One of the most common problems deer hunters face is when bucks feel pressure on the usual feeding sites such as agricultural fields, food plots, and oak flats. Almost overnight, they can seem to vanish. When this happens, consider hunting near an alternative food source that’s often overlooked by most hunters: berry bushes, orchards, and scattered persimmon, apple, and pear trees.
|Hunt for bucks like this wide 8 pt near scattered fruit trees and plan a careful stalk. photo courtesy Gerald Amy|
Extra Tip: Fruit provides deer with nutrition, high levels of vital phosphorous, and a sugar-packed energy boost as they head into the strenuous period of the rut. It can also offer cover as well when thick-growing brambles such as blackberries and raspberries are involved.
Tactics for Hunting Deer in Different Fruit Setups
Hunting Deer in Isolated Fruit Trees
Hunt these before the rut and also after it when deer are searching for the last few sweet morsels of fruit heading into winter. Focus on scattered wild fruit trees or ones that survived around old abandoned farm sites such as pear, plum, apple, persimmon or crabapple.
Carry a topographic map or handheld GPS unit and mark where you find these scattered fruit trees. Search semi-open fields, old home sites, woods edges, fencerows, grassy areas, and brushy cover mixed with honeysuckle, saplings, and cedars. Confirm they are being used by locating fresh sign such as tracks, rubs and droppings.
Once you’ve pinpointed several trees holding ripe fruit and found fresh sign, plan your stalk. Usually there’s one route that will offer the best cover. Wait until the wind is perfect and use that approach.
Extra Tip: If possible, choose a drizzly, damp day when ground cover won’t be noisy. Deer are also up on their feet and feeding more on these days. Alternately, choose crisp, clear cold-front weather when strong winds or frost have knocked fruits off trees overnight. Bucks will make a beeline for the freshly-fallen morsels.
Extra Tip: Glass as far ahead as you can, then ease slowly closer using all available cover. You may find a buck directly under the tree or in an adjacent thicket. Pick apart nearby brush and blowdowns carefully. A buck may be bedded in weeds and shrubs, digesting his snack before moving on to the next cluster of fruit trees.
|Mature bucks will often vacate oak flats, ag fields and food plots and feed on stray fruit trees when they feel pressure. The sugar-filled food source helps prepare them for the rigors of the rut and winter. photo courtesy Gerald Amy
Hunting Deer in Orchards
The second fruit setup dictates stand hunting.

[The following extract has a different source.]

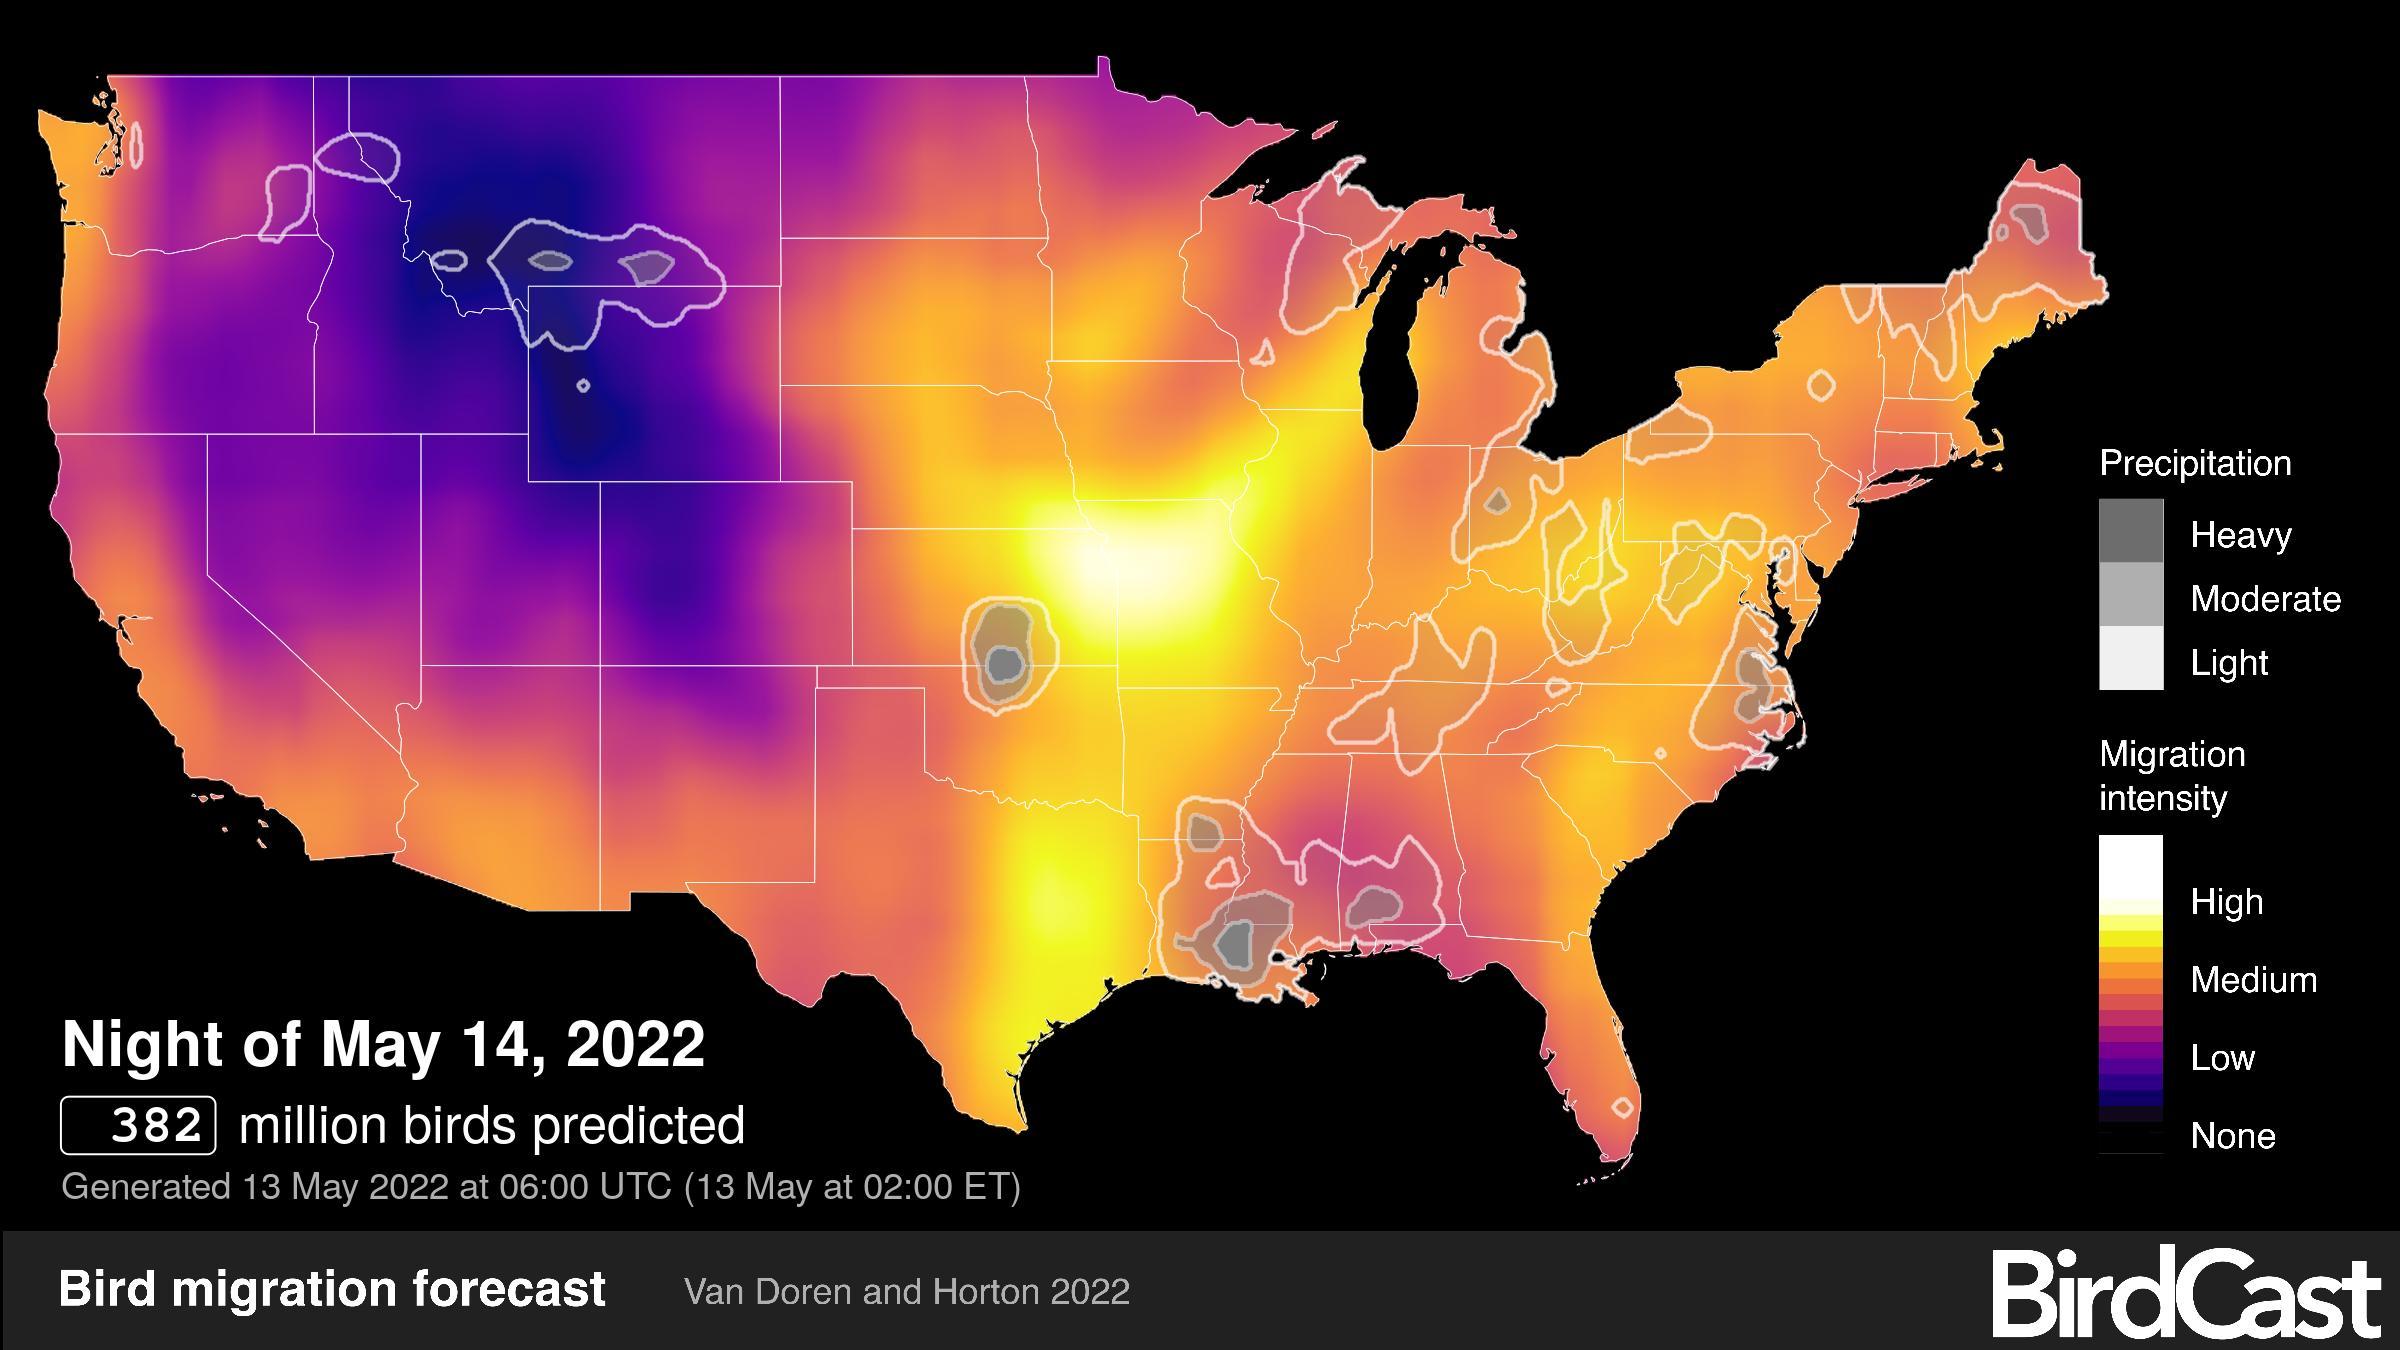 (Van Doren, B. M. and Horton, KG2022. BirdCast, Migration Prediction Map. Generated 5.13.2022 at Cornell University School of Birds and Colorado State University at 1:00 am. Birdcast.info/live-migration-maps. Download 5.13.2022 )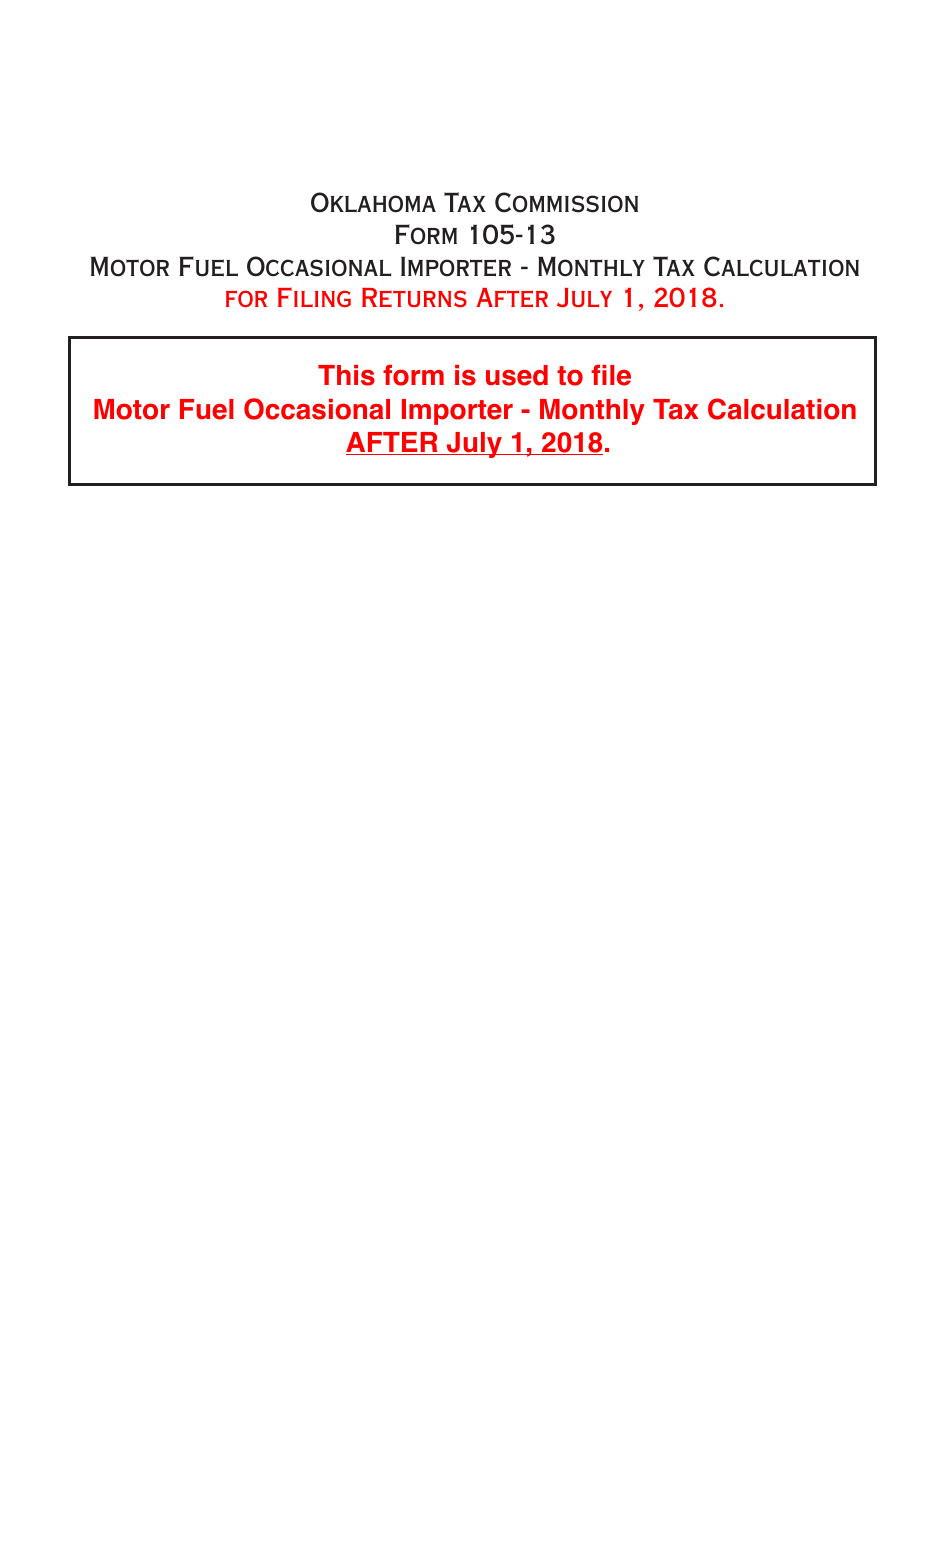 OTC Form DST-210 (105-13) Motor Fuel Occasional Importer - Monthly Tax Calculation - Oklahoma, Page 1

Here you’ve located an orchard, vineyard or abandoned farm that has a large stand of pears, apples, plums or grapes. These become daily feeding sites for deer because they know the ripe fruits will be eaten quickly by other animals if they don’t get there first.
In light of that predictable feeding pattern, your best bet is an ambush at the feeding site. Scout ahead and find where large fresh tracks, scrapes and rubs indicate a mature buck was feeding. Then study topos and satellite photographs to pinpoint the thickest nearby bedding cover where he’s approaching from. Face your tree stand so you cover that direction.
Extra Tip: Besides setting up a deer stand at the edge of the feeding site, also try to pinpoint a thinly-outlined trail heading from the orchard towards the buck’s likely bedding cover. Hang a stand downwind of that route, part-way back towards his daytime core holding area. Reserve that ambush site for use on hot days when he’ll likely move later and might not actually reach the fruit until it’s too dark to shoot.
Hunting Deer in Bramble Thickets
Deer eat raspberry and blackberry fruits and also the plants’ leaves and stems. In fall, they’re also attracted to the thick, impenetrable cover the brambles offer. Look for clusters of these plants near fences, woods edges, clear-cuts and logging roads. The bigger the patch you find the more likely it will hold a mature buck.
Scout and locate as many such areas as possible with fresh sign. Then plan the best approach for each bramble patch using the wind and cover to your advantage to get within shooting range. Anticipate a quick snap shot as you move close to the fruit thicket.
Raise your firearm or bow quickly and shoot as the deer loads its legs for that first springing leap. Practice this type of shot ahead of time until you feel comfortable with it.
Extra Tip: For an alternate approach to hunting blackberry thickets, try this method. Bring two buddies and position them near likely exit points where cover or brushy ditches offer potential escape routes. Then have another hunter slowly walk towards the bramble thicket. The approaching hunter may get a shot, or the buck may move past the hunters waiting at exit points, giving them a chance.
With this technique be sure every hunter knows his or her safe shooting zones. And it goes without saying, during firearms seasons everyone should be wearing plenty of blaze orange!